### GIVEN DATA
Content starts

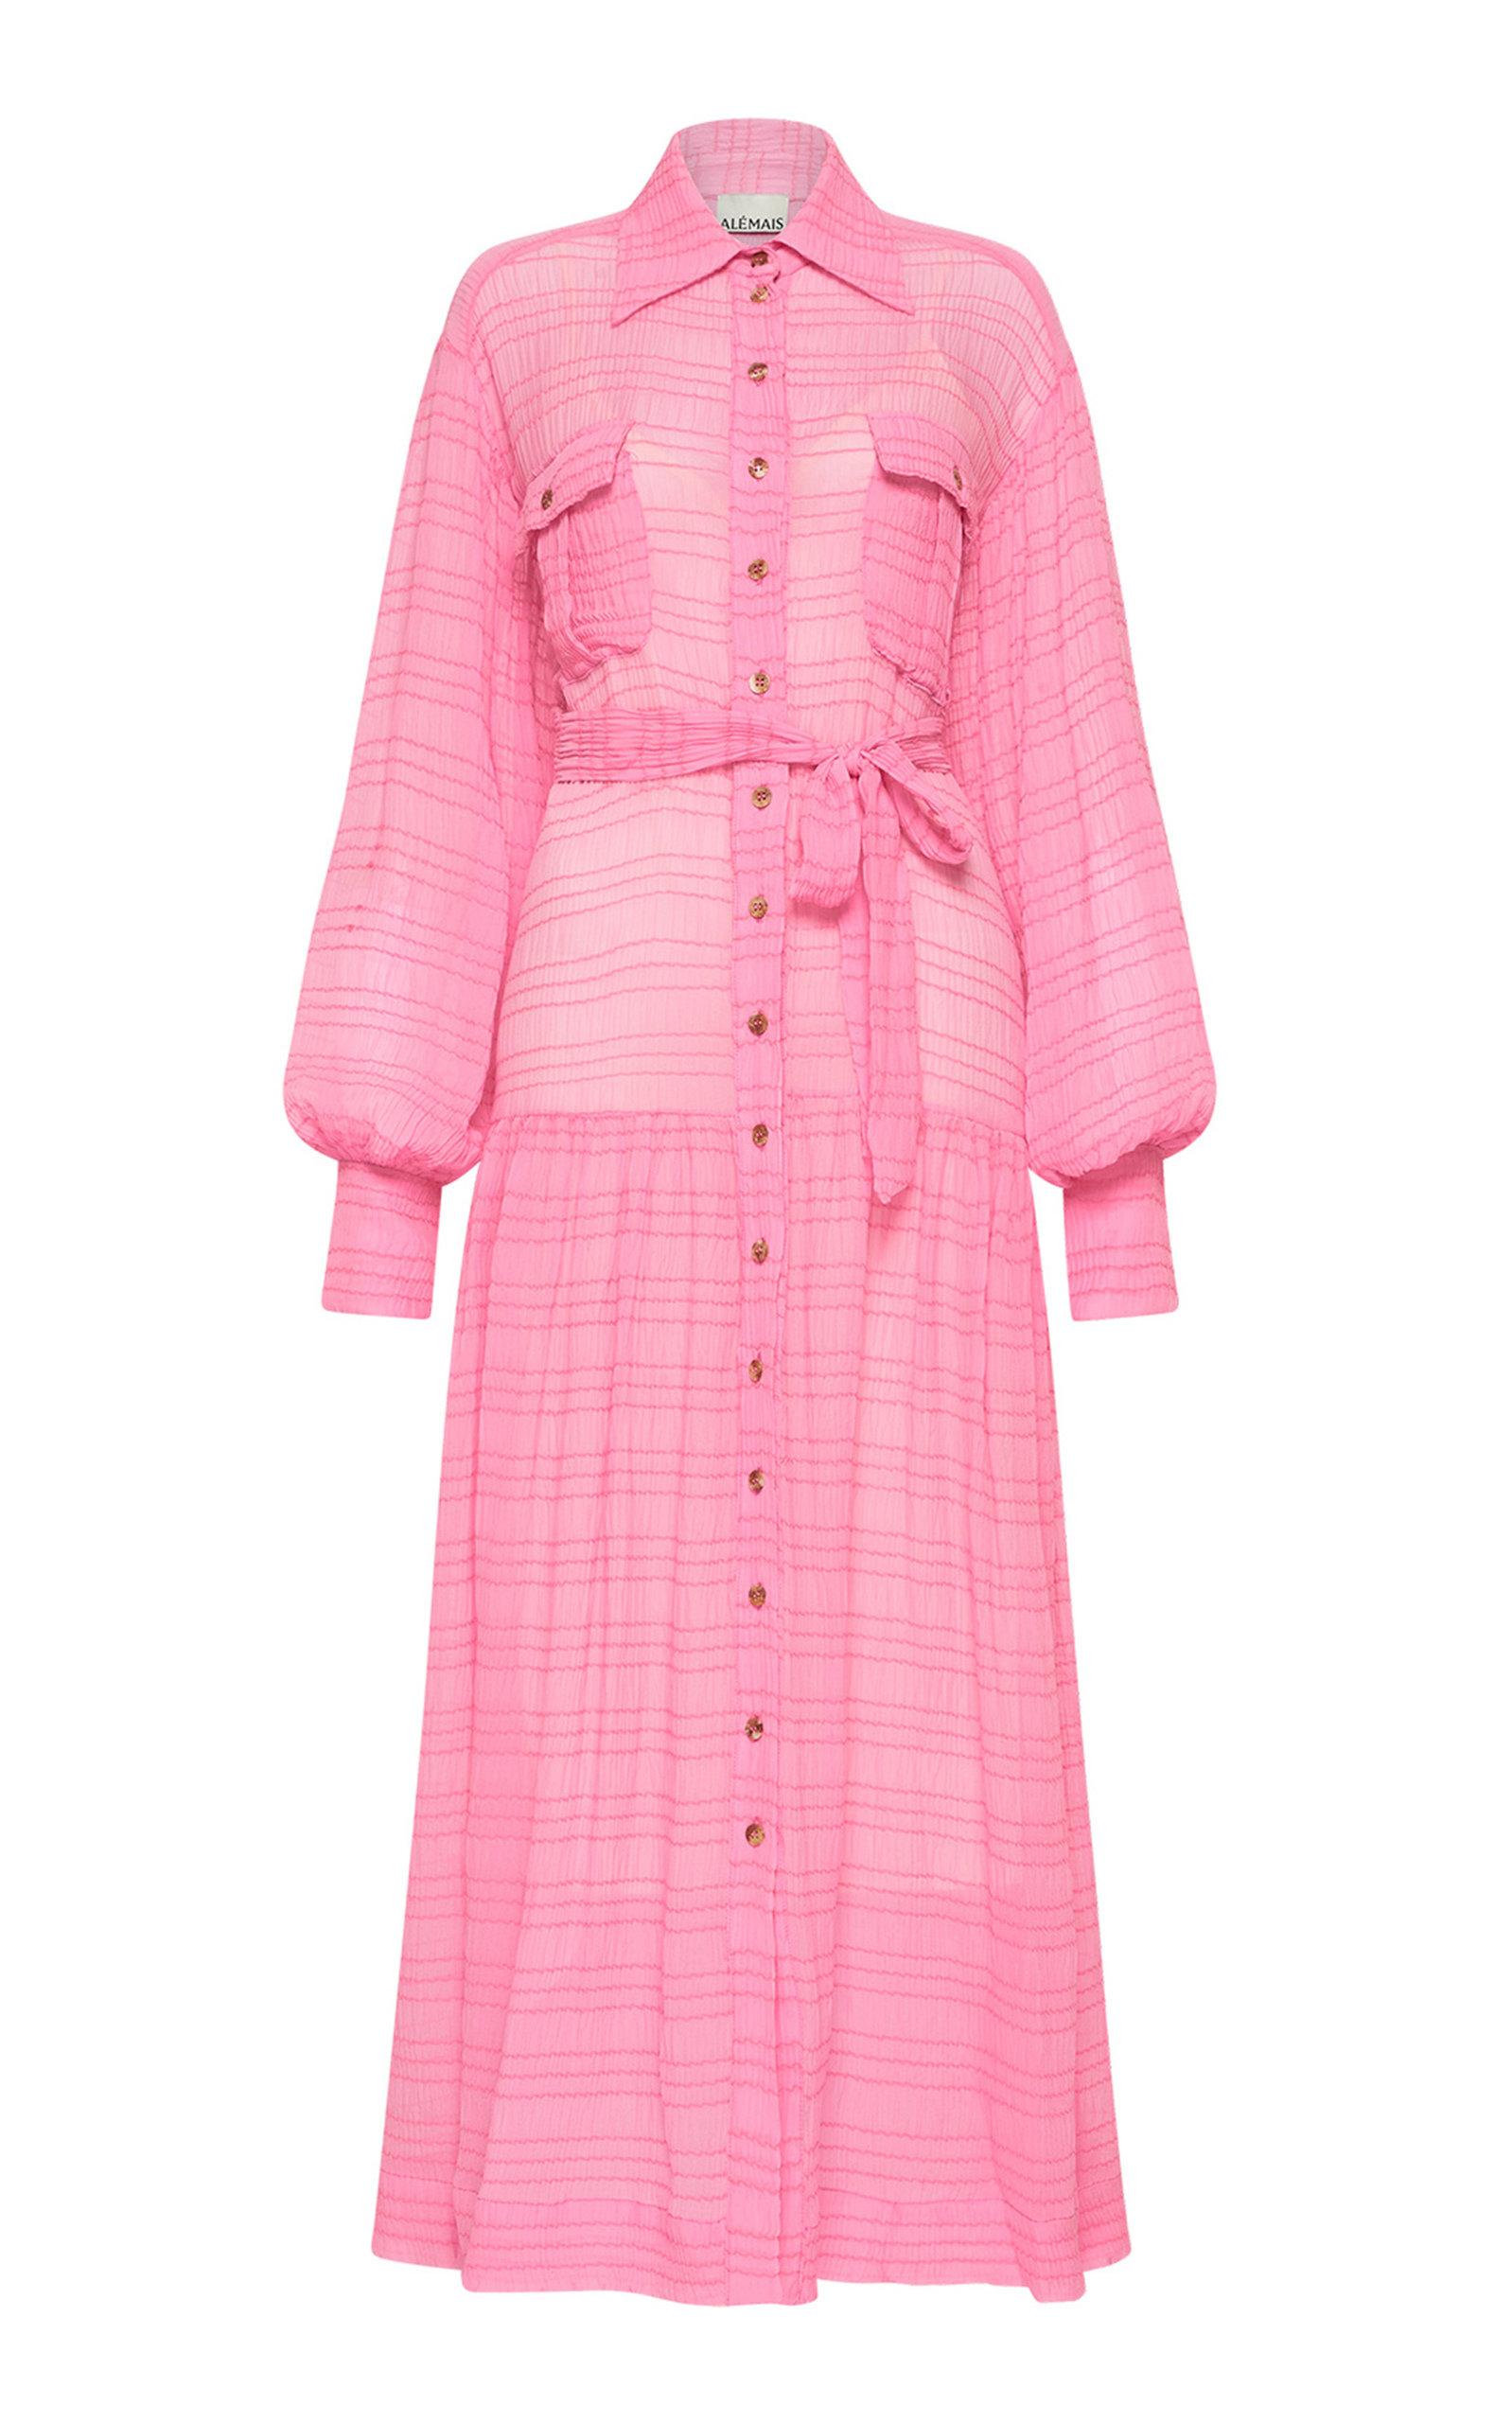 ALÉMAIS - Women's Antonella Collared Silk-Cotton Shirt Dress - Pink - Moda Operandi
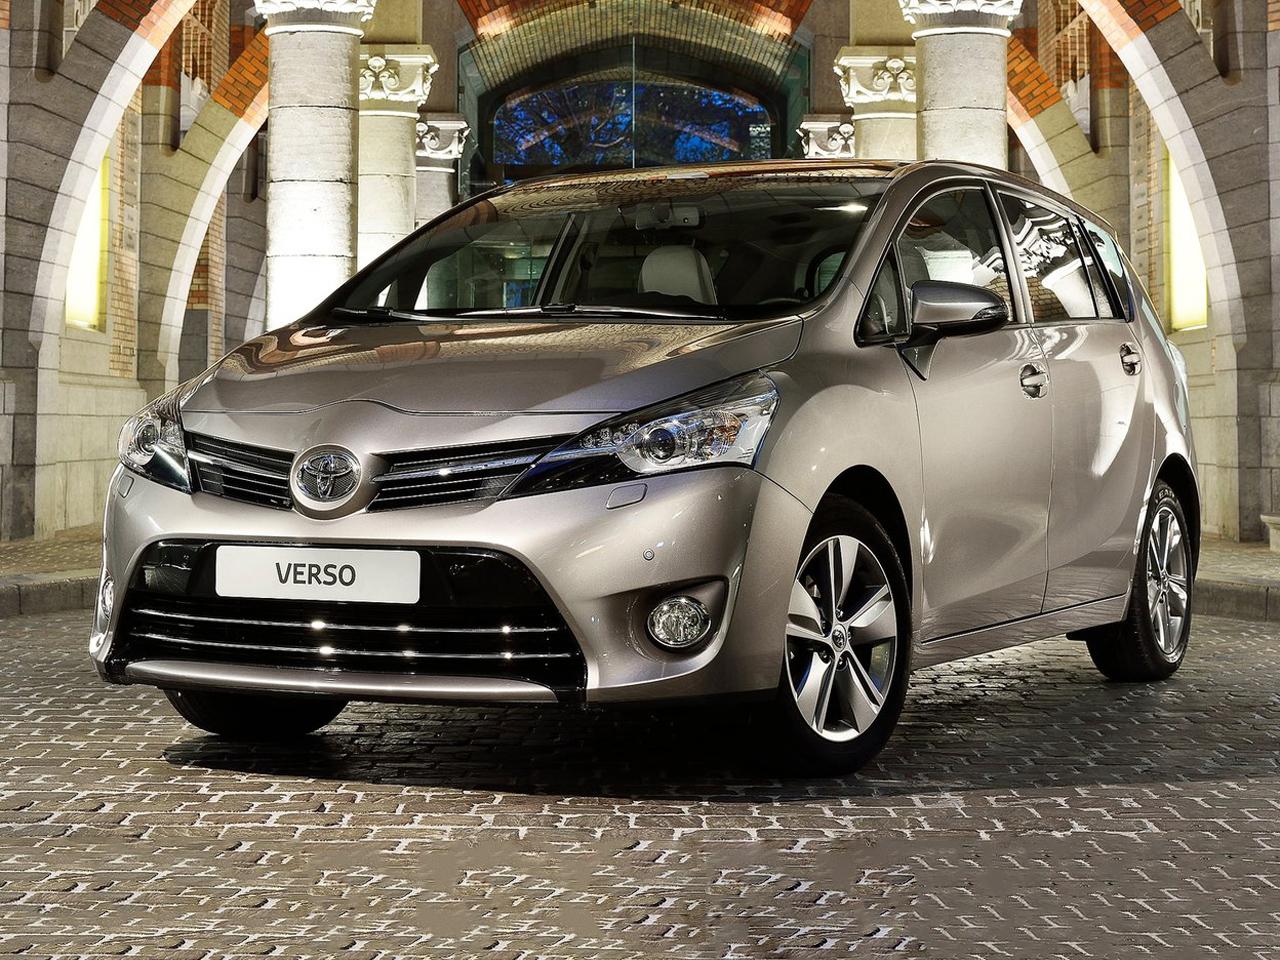 Toyota Verso 2014 115D Advance 7 Plazas -- Autobild.es
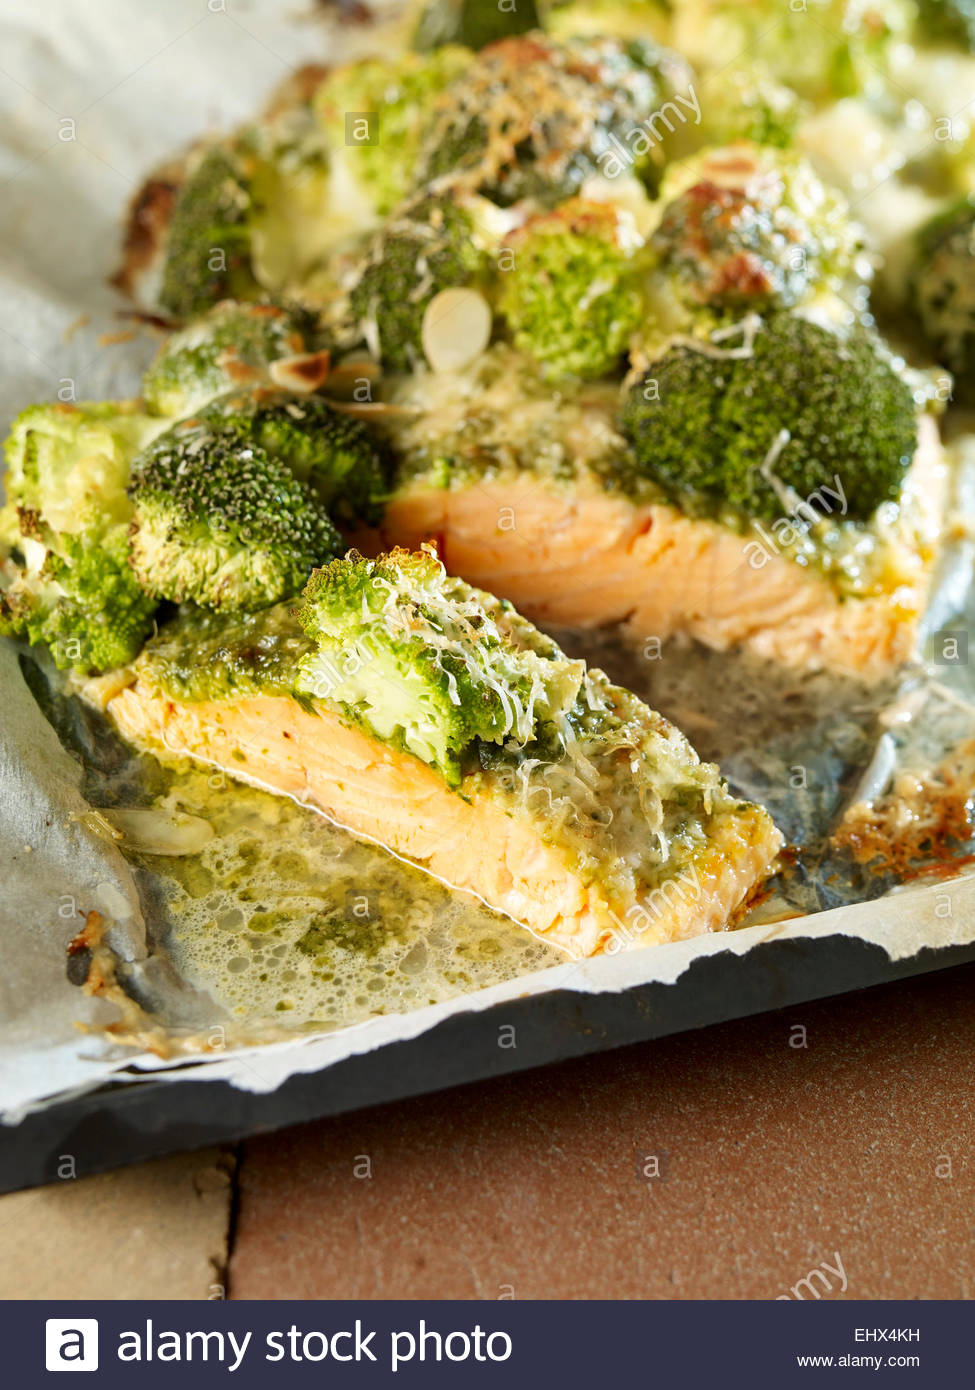 Wild salmon with broccoli and pesto gratinated with parmesan and mozzarella - Stock Image

Content ends

### TASK TO COMPLETE
Reproduce, exactly and with no pictures, the lines from the line containing "Toyota Verso 2014" through the closing line of the data above, keeping both ends.

### EXERCISE ANSWER
 Toyota Verso 2014 115D Advance 7 Plazas -- Autobild.es
 Wild salmon with broccoli and pesto gratinated with parmesan and mozzarella - Stock Image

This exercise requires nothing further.